Huntingdon Life Sciences (HLS) have been reliant on loans since the beginning of the SHAC campaign. 

• 1998-2000: HLS initially had a £12 million loan with NatWest bank.
• 2000: When Royal Bank of Scotland took over NatWest they did not want to take the campaign with them, and when HLS failed to pay their money back in time they wrote off the debt for £1.
• January 2001: HLS then borrowed $15 million from US investment bank Stephens Inc., but after a year of campaigning they dropped HLS.
• July 2001: HLS make an agreement with Secretary of State for Trade and Industry to use private banking facilities via the Bank of England after HLS couldn't find any high street bank that would give them banking facilities.

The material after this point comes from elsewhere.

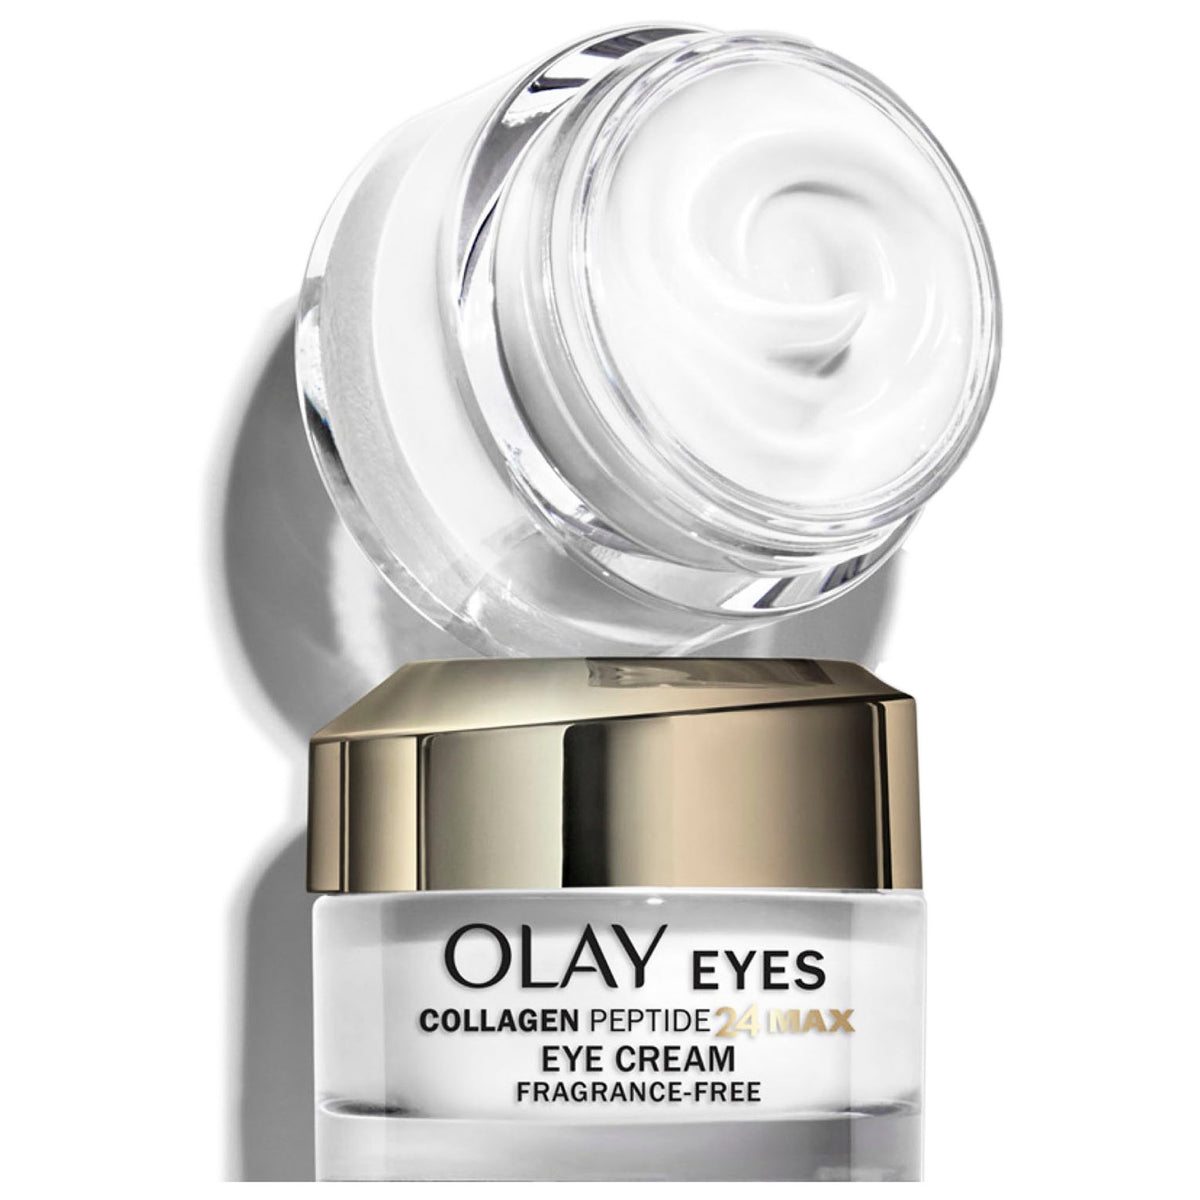 Olay Collagen Peptide 24 Eye Cream có thể giúp làm thay đổi diện mạo làn da như thế nào?

• 2002: Largest insurance firm in the world, Marsh Inc., stop their insurance with HLS after protests. No other insurance firm will touch them and HLS are forced to get insurance cover through the UK government.
• 2005-2006: Two failed attempts to secure a lender.
• By 2006 HLS were $100 million dollars in debt after securing an "anonymous" foreign loan. No other financial institution would touch them.
• 2008: SHAC traced the anonymous 2006 loan through various shell companies back to the Fortress Investment Group, a US based financial company who specialize in high risk loans and acquisitions.
• 2009: HLS are still $70 million in debt and are meant to pay it back in 2011. HLS was in crisis in March 2009 when they were unable to make one of their loan repayments. Managing Director Brian Cass even tried putting out a desperate plea in the UK national press calling on a bank to give them a loan and bank account, but no one responded as HLS remain a pariah.
• 2009: Following a global campaign against shareholders and the NYSE, HLS was left with only one option, to go private and get a further buyout loan to keep going. Before the buyout could take place, HLS were forced to commission an independent analysis of their financial situation. The results were incredible as HLS was proven to be on the brink of bankruptcy. (see The Plymouth Report.)
• 2010-2011: Following protests and talks with SHAC campaigners, Fortress Investment Group dropped their loan with HLS, losing $8 million in revenues.
• 2012-2013: The buyout loan from 2009 is now with U.S. Bank National Association, a subsidiary of U.S. Bank. U.S. Bank are the largest ever lender to HLS.